How to design incident post‑mortems like an architectural walkthrough—using an “Analog Story Compass Tower” to structure learning, accountability, and better tools from every outage.

The Analog Incident Story Compass Tower: Stacking Paper Floors to Walk Through an Outage From Lobby to Rooftop

When an outage hits, most teams focus on one goal: get it fixed, fast.

Then, right after the adrenaline fades, someone opens a blank document and types two cursed words: “Post-mortem template”.

Too often what follows is rushed, shallow, and treated as a bureaucratic checkbox. Yet this document is the only durable artifact that explains what happened, why it happened, and how you will avoid repeating it.

You wouldn’t design a skyscraper without drawings, or rebuild one after a collapse based on fuzzy memories. Incidents are no different.

This post introduces a mental model and a practical format: the Analog Incident Story Compass Tower—a way of visualizing and structuring post‑mortems as a stack of paper “floors” you can walk, from lobby to rooftop.

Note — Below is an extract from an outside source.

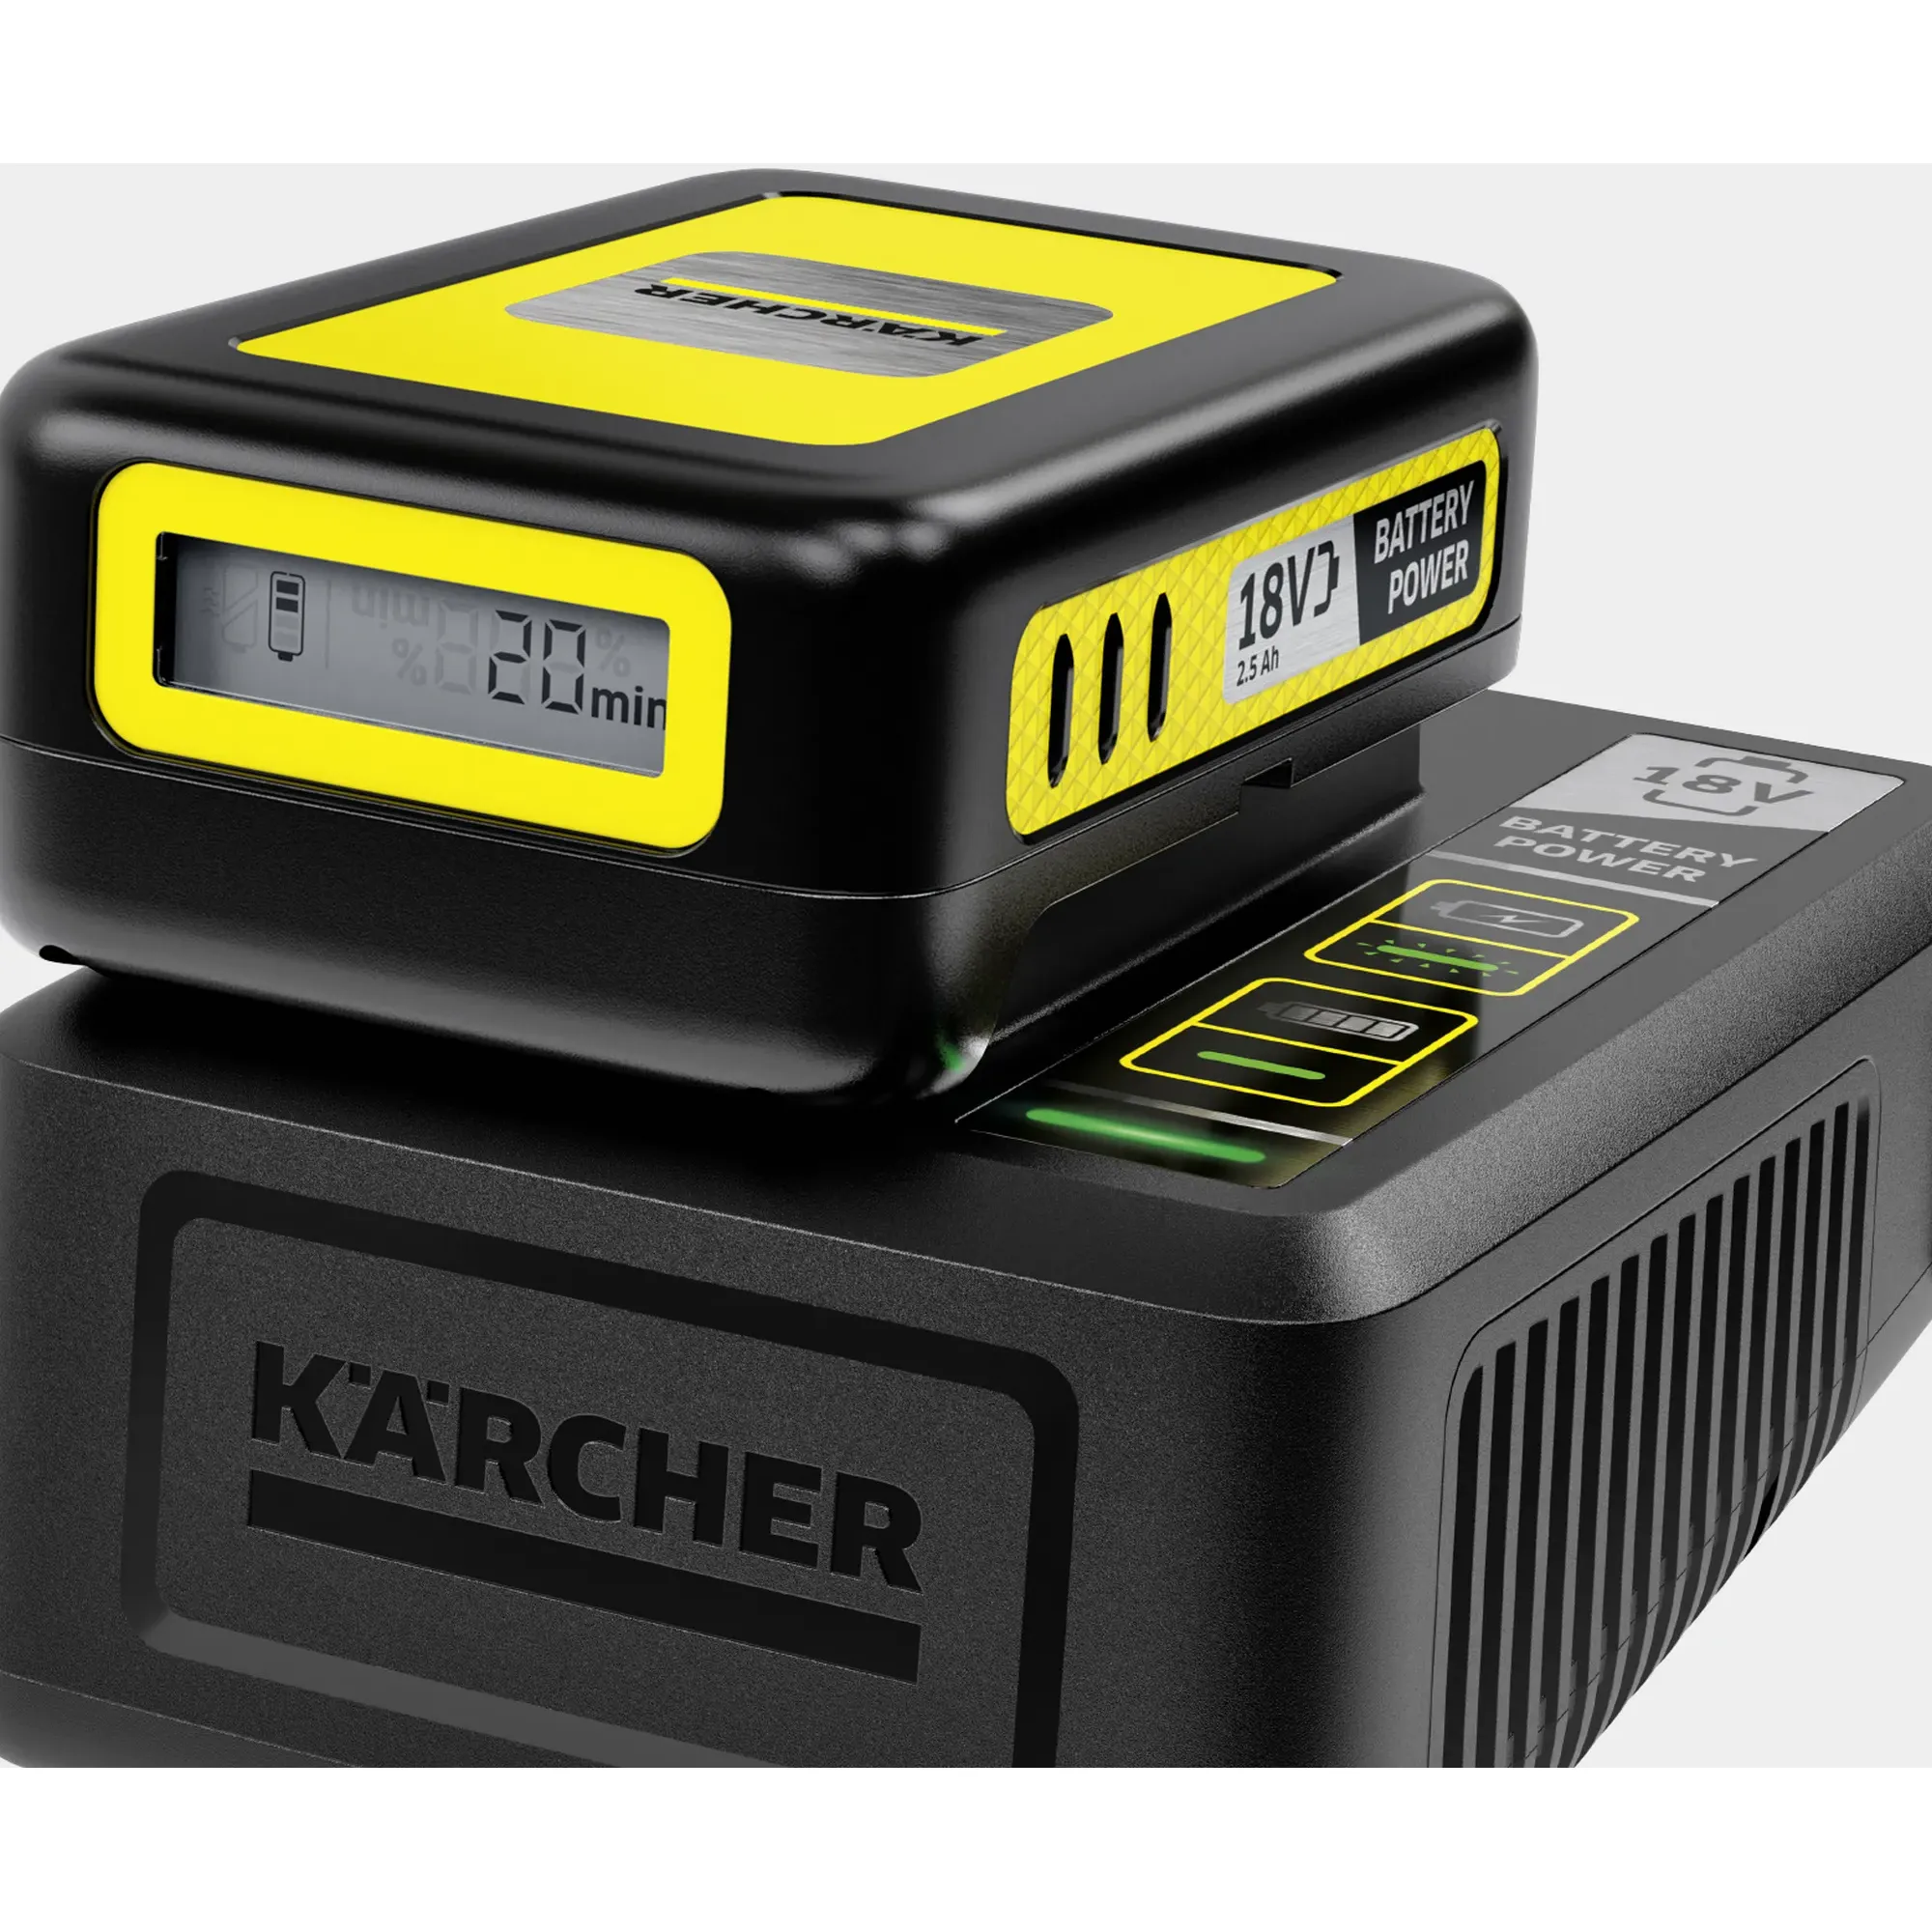 Bild von Starter Kit Battery Power 18/25 18 V Li-Ion 2,5 Ah 2.445-062.0

Along the way we’ll connect incident work to design disciplines like architecture, software, and visual design.


Why Post‑Mortems Must Be Treated as Essential Documents

A post‑mortem is not:

  • A blame artifact
  • A CYA report for management
  • A mandatory attachment for compliance

A good post‑mortem is:

  • The canonical record of what happened
  • A shared learning object for the whole organization
  • A map that future responders can walk when something similar breaks

If you treat post-mortems as paperwork to “get over with,” you lose:

  • Accurate memory – Details decay fast after an incident.
  • Root causes – Superficial summaries hide systemic issues.
  • Reusability – Sloppy narratives can’t be searched, reused, or taught.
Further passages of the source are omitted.